FIG. 5 illustrates the front deflector surface 19 of the chamber 17 as 
slightly offset rearwardly with respect to the leading edge 15 of the gas 
outlet opening 13 of the barrel 1, to a degree which corresponds to the 
path traveled by the barrel, as occurs in firearms wherein the rear end of 
the barrel 1 drops during the cycling of the firearm action. FIGS. 5 to 7 
illustrate this travel, as occurs in such firearms wherein the barrel 
initially retracts by a set amount, and subsequently tilts, during 
cycling. FIG. 5 shows the position of the individual parts prior to the 
firing of the shot. FIG. 6 shows the position immediately after firing the 
shot, and FIG. 7 illustrates the position of the parts when the action is 
at its rearwardmost position, with the breech open, and with the rear end 
of the barrel 1 tilting downward. In correspondence with this downward 
tilting, the muzzle brake 2 travels upwards via its fork 3 in the holding 
slot 4 without impairing the movement of the barrel 1 in any way. During 
the closing of the breech, the movements, as illustrated in FIGS. 5 to 7, 
occur in the opposite direction. 
Upon firing a shot, the projectile initially accelerates through the barrel 
1 until passing gas outlet opening 13 from which a first portion of the 
combustion gas escapes and is deflected along the deflector surfaces 15 
and 19 as shown in broken lines by the arrow P. A similar gas discharge 
occurs via gas outlet opening 14 as shown by arrow Q. The gas is deflected 
upwardly and thus compensates recoil and the impact energy of the gas upon 
the atmosphere. The remaining propellant gas emerges from the barrel at 
its forward end as indicated by arrow S. 

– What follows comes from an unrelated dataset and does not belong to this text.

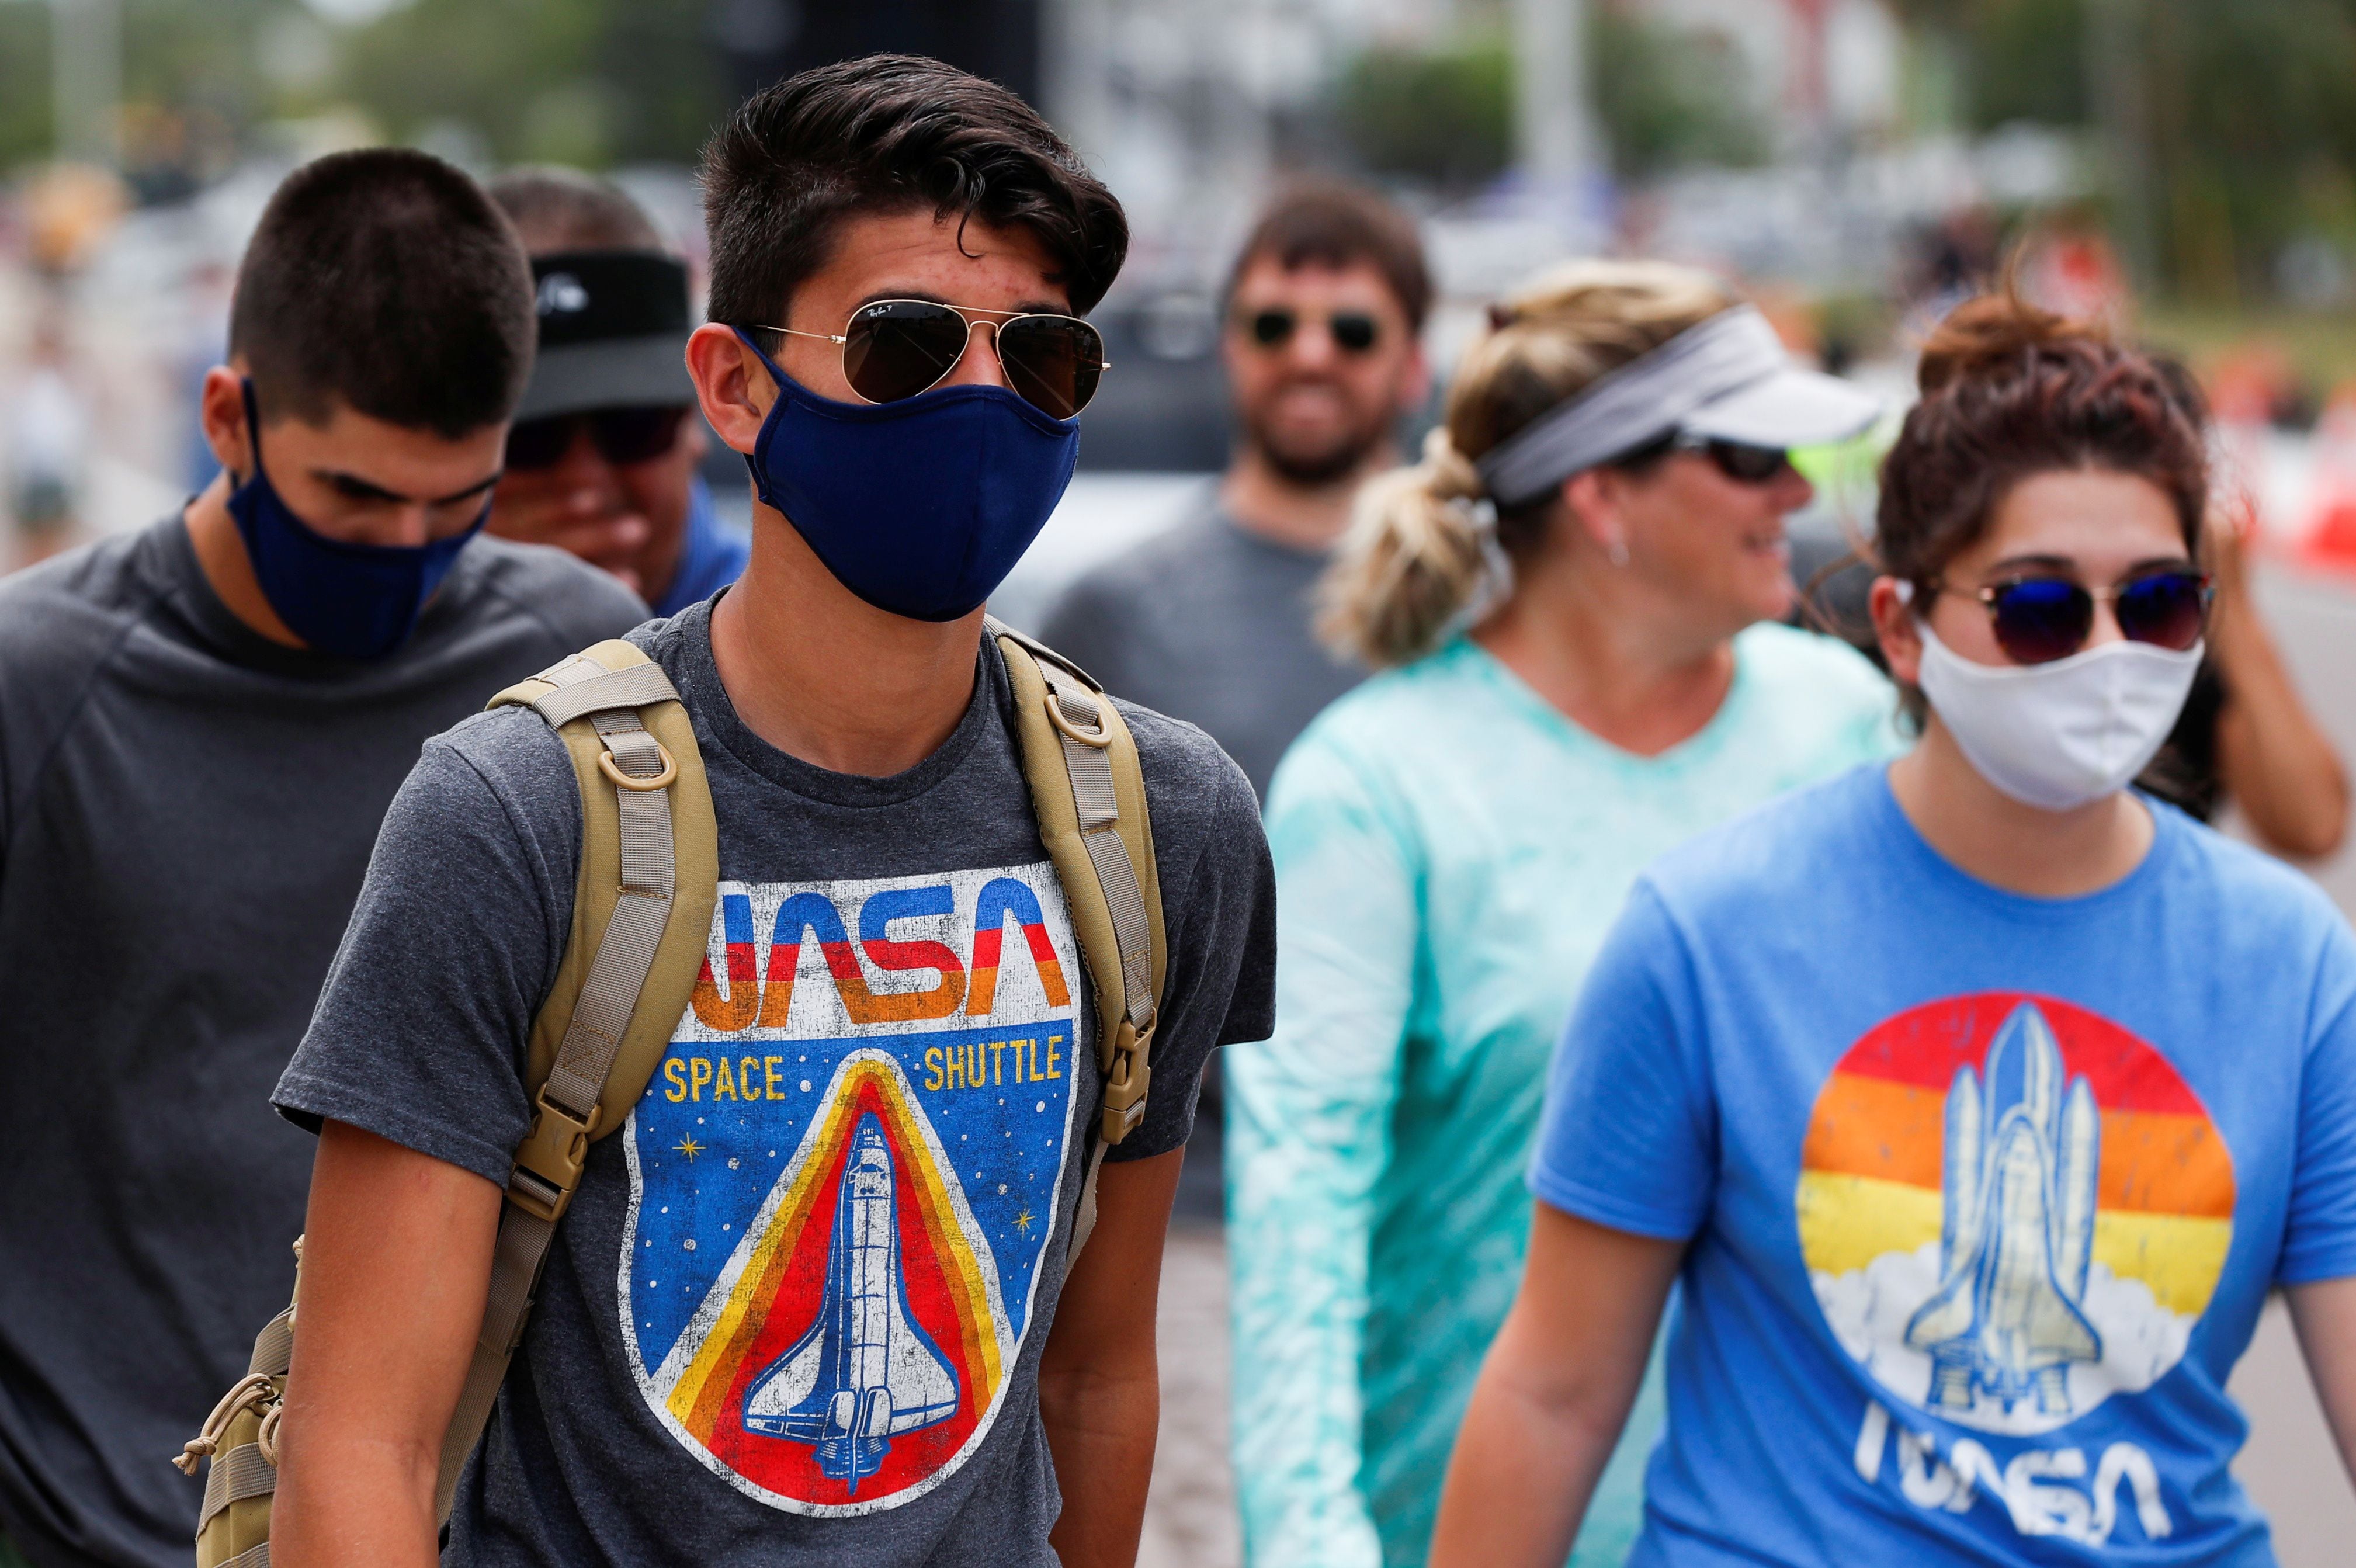 People wearing NASA'S T-shirts attend to watch the launching of a SpaceX Falcon 9 rocket and Crew Dragon spacecraft carrying NASA's astronauts Douglas Hurley and Robert Behnken during NASA's SpaceX Demo-2 mission to the International Space Station from NASA's Kennedy Space Center, in Cape Canaveral, Florida, U.S. May 30, 2020. REUTERS/Scott Audette

While the inventive design is applicable for all types of small arms, both 
those with fixed barrels and those wherein the barrel drops during cycling 
of the action, the deflection of the gases is attained in the same manner. 
However, in firearms with rigid barrels, it should be noted that no 
relative motion between the barrel and muzzle brake occurs and therefore, 
the respective surfaces of the gas outlet openings and the chambers must 
always be aligned adjacent to each other. 
While preferred embodiments have been shown and described, various 
modifications and substitutions may be made thereto without departing from 
the spirit and scope of the invention. Accordingly, it will be understood 
that the present invention is not to be limited except by the character of 
the claims appended hereto.